# Information supplied:
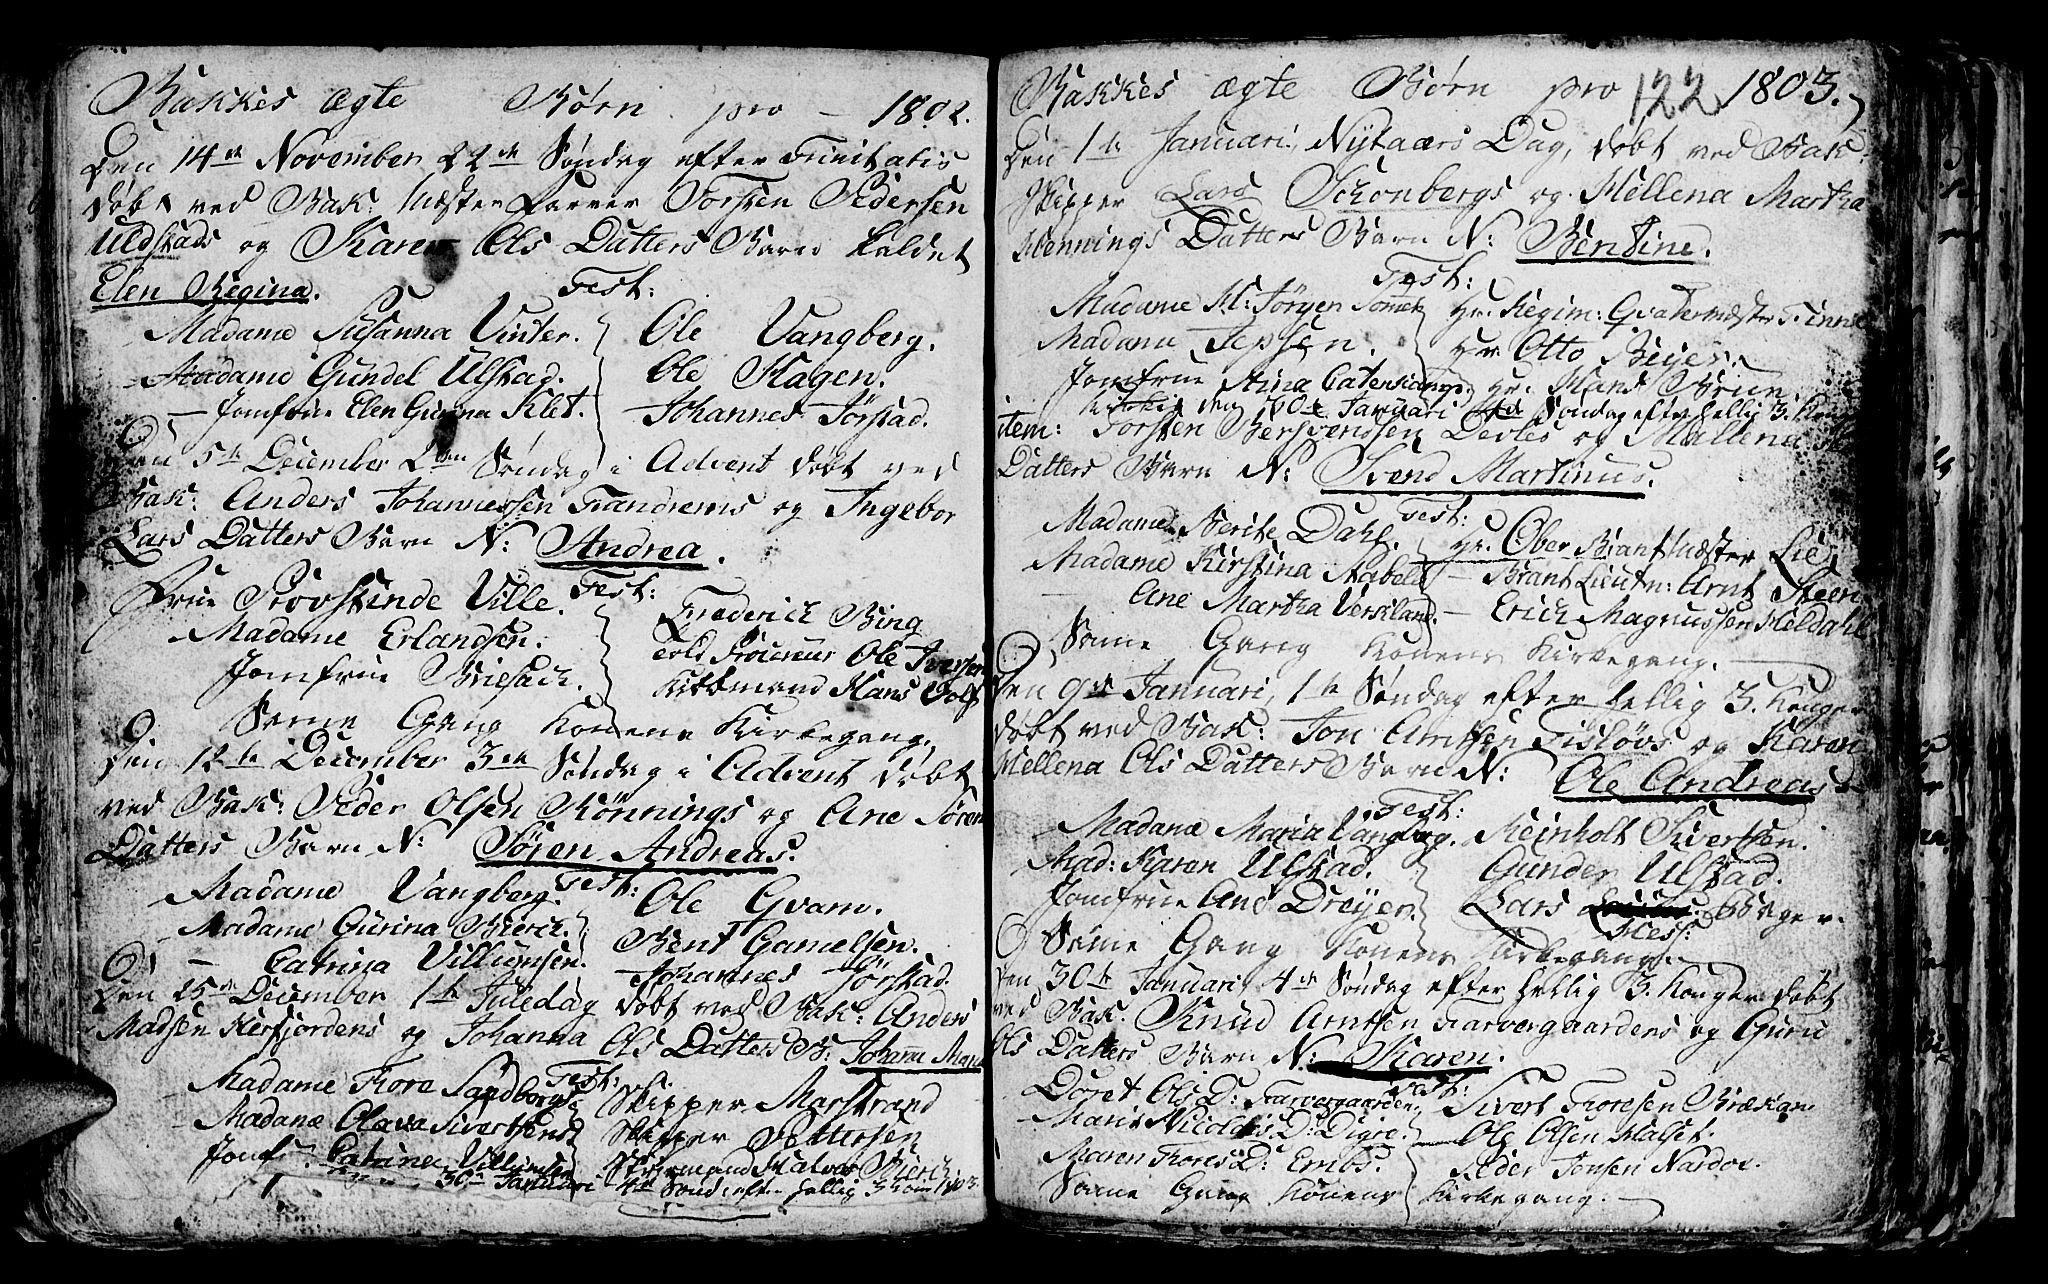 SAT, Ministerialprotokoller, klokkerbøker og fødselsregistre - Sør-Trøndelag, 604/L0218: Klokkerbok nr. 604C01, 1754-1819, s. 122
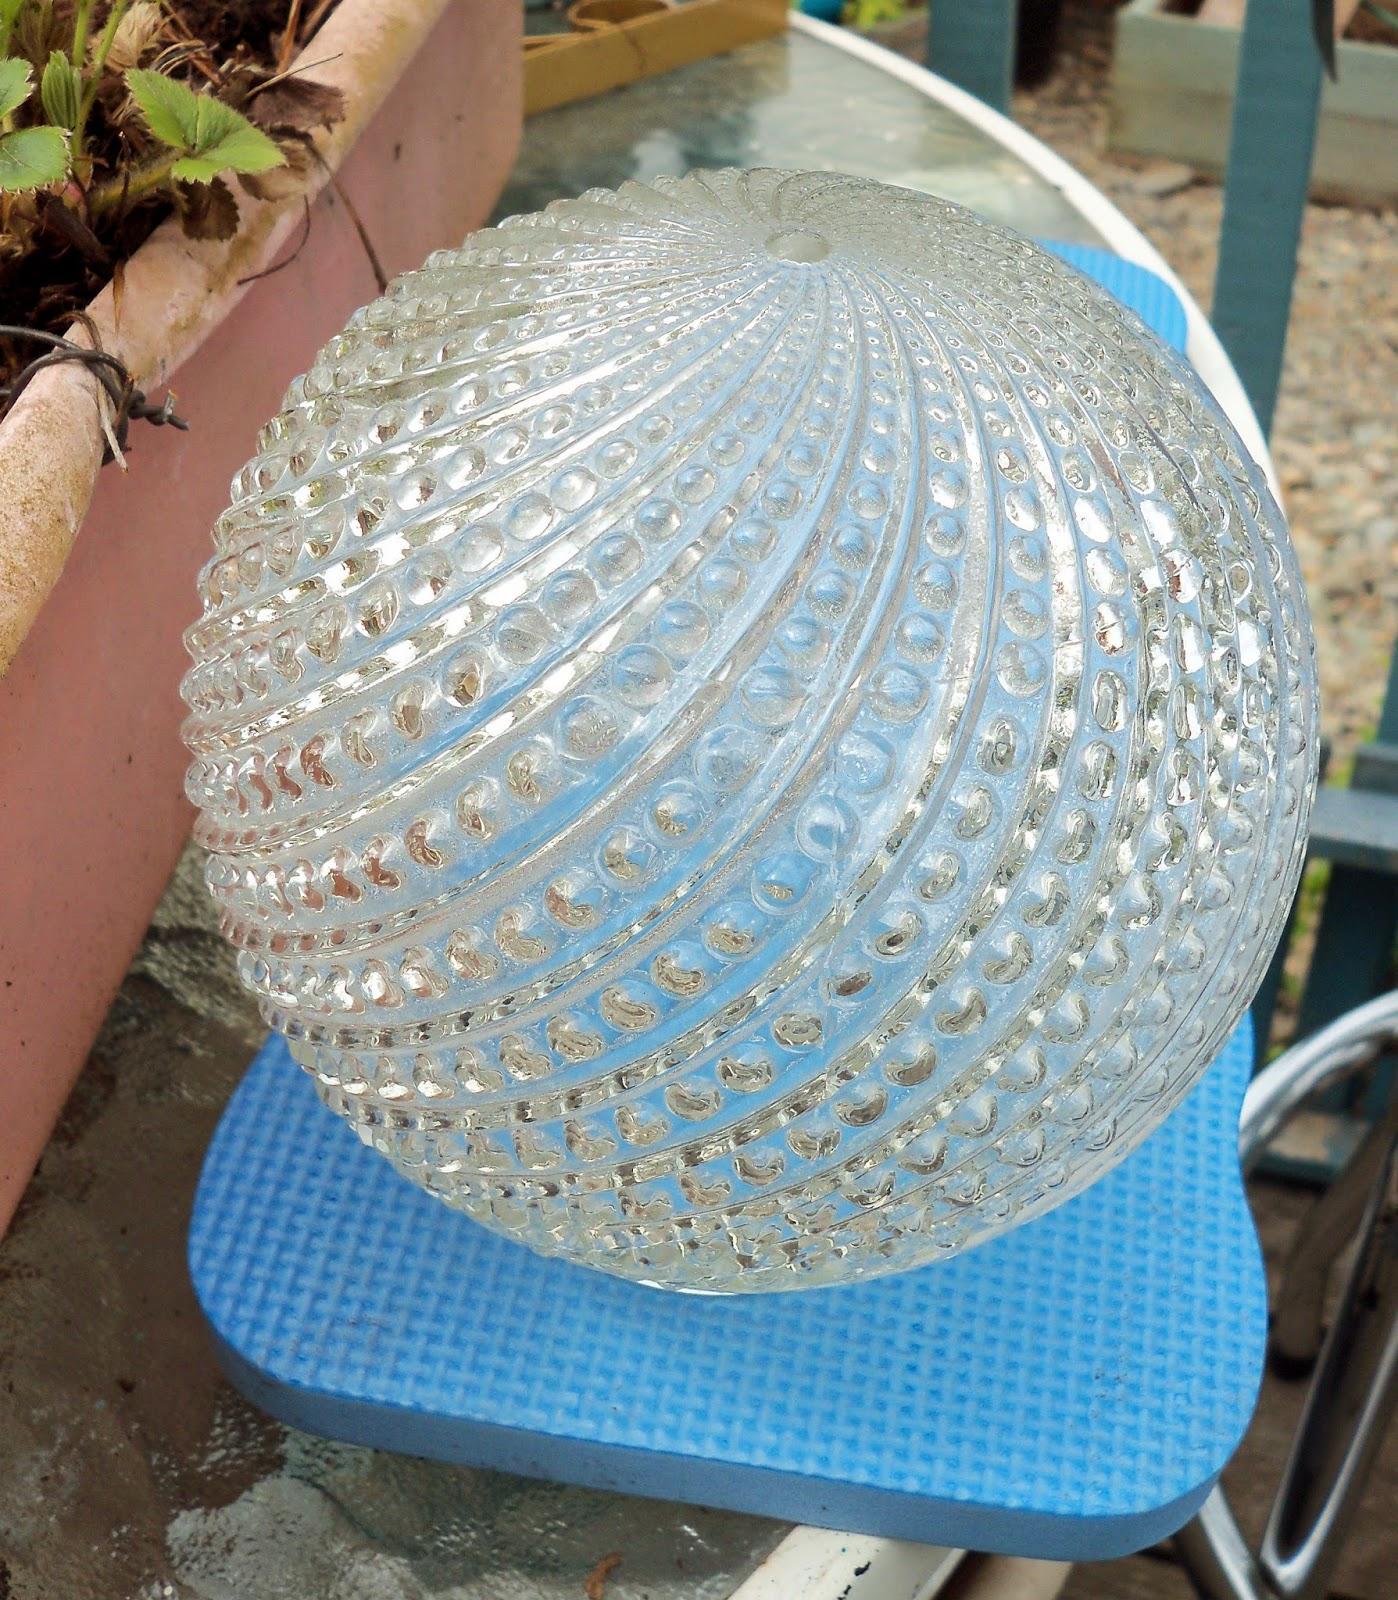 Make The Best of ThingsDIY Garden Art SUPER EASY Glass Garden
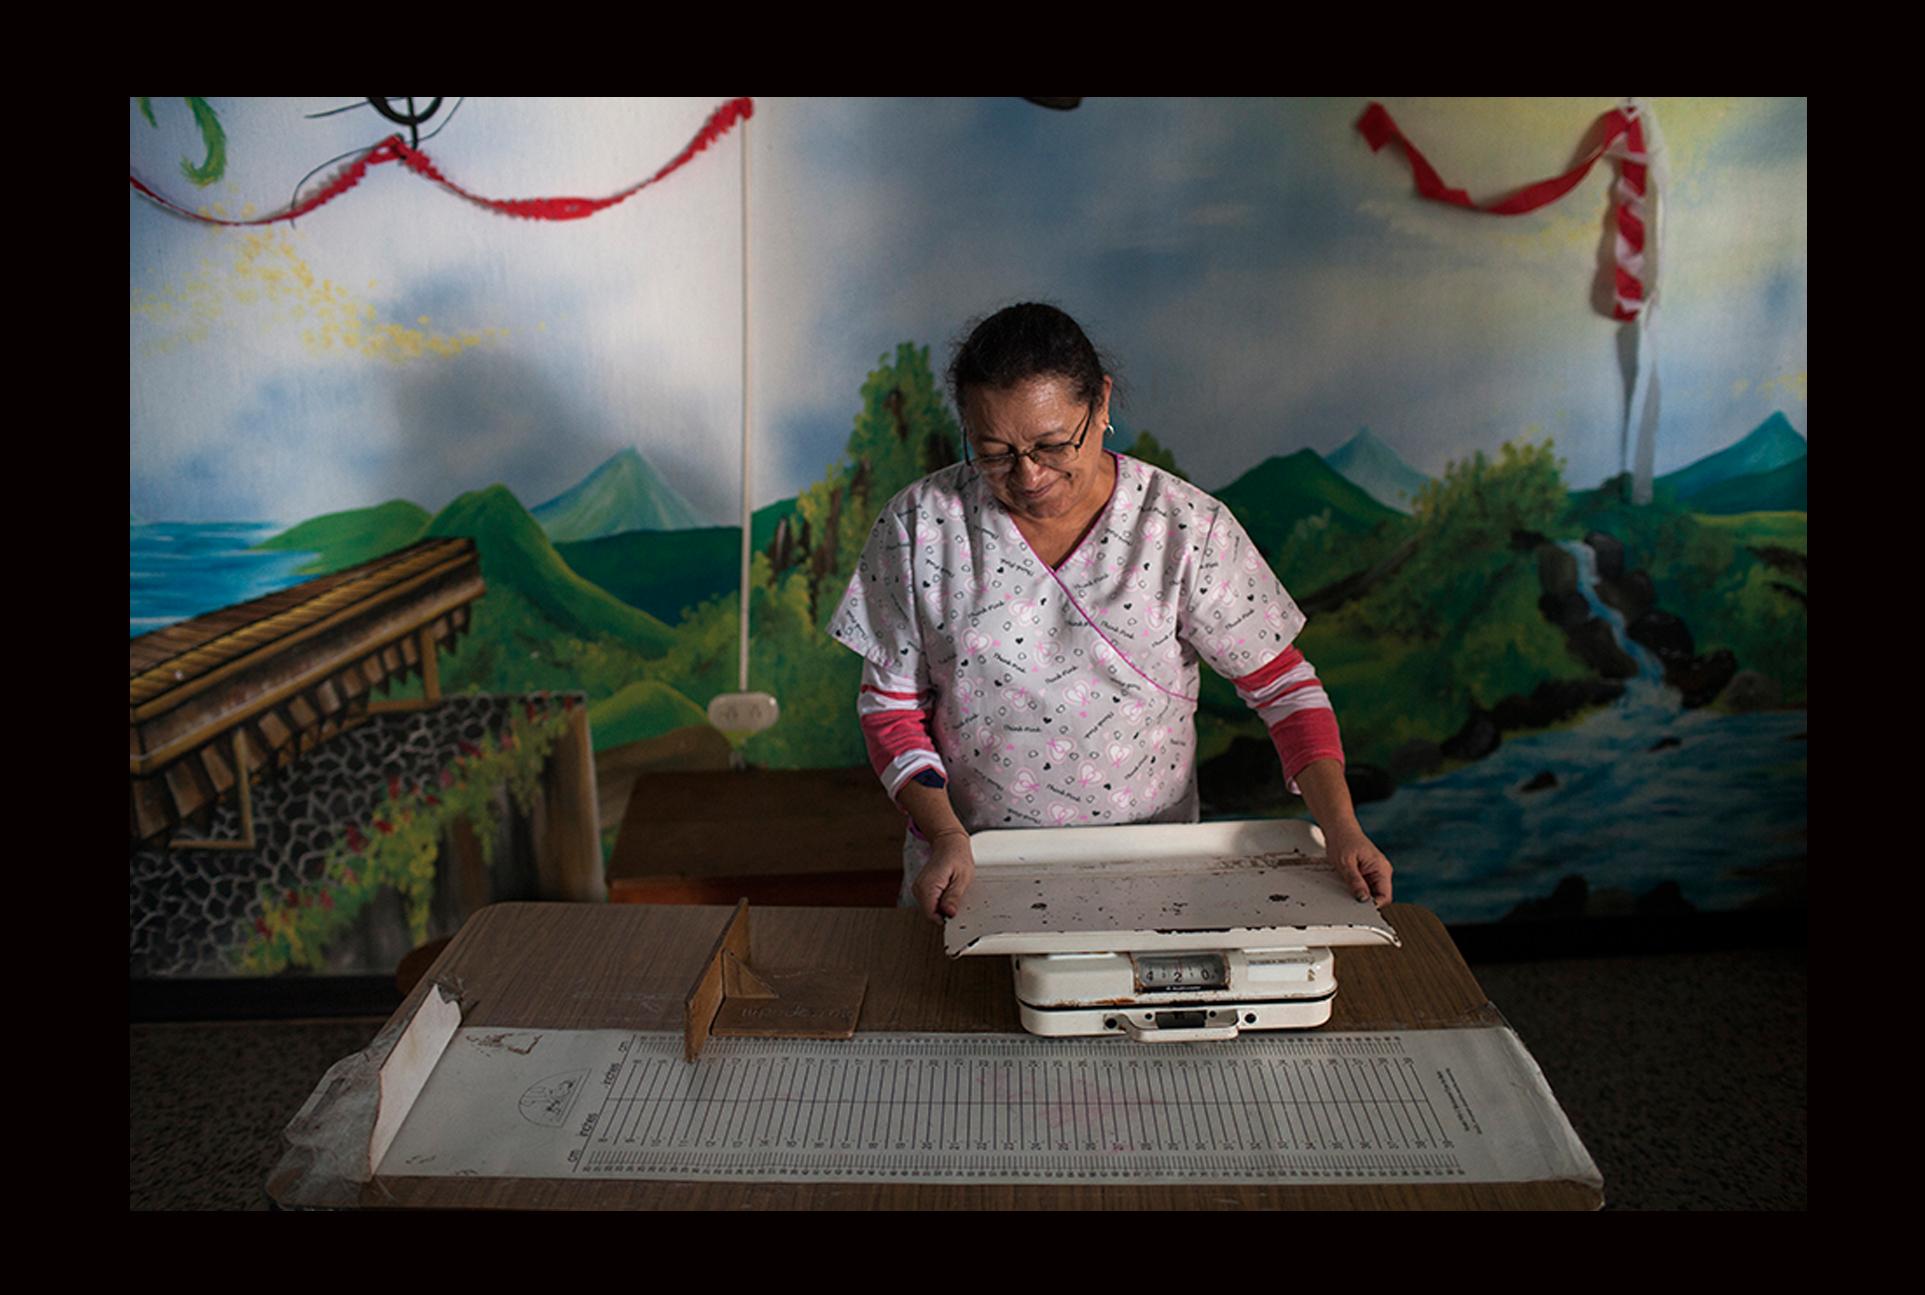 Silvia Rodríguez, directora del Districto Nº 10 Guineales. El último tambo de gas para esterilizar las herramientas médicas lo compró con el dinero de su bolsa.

# Exercise requirements:
Set the preceding data down again word for word, omitting images.

# Exercise response:
 SAT, Ministerialprotokoller, klokkerbøker og fødselsregistre - Sør-Trøndelag, 604/L0218: Klokkerbok nr. 604C01, 1754-1819, s. 122
 Make The Best of ThingsDIY Garden Art SUPER EASY Glass Garden
 Silvia Rodríguez, directora del Districto Nº 10 Guineales. El último tambo de gas para esterilizar las herramientas médicas lo compró con el dinero de su bolsa.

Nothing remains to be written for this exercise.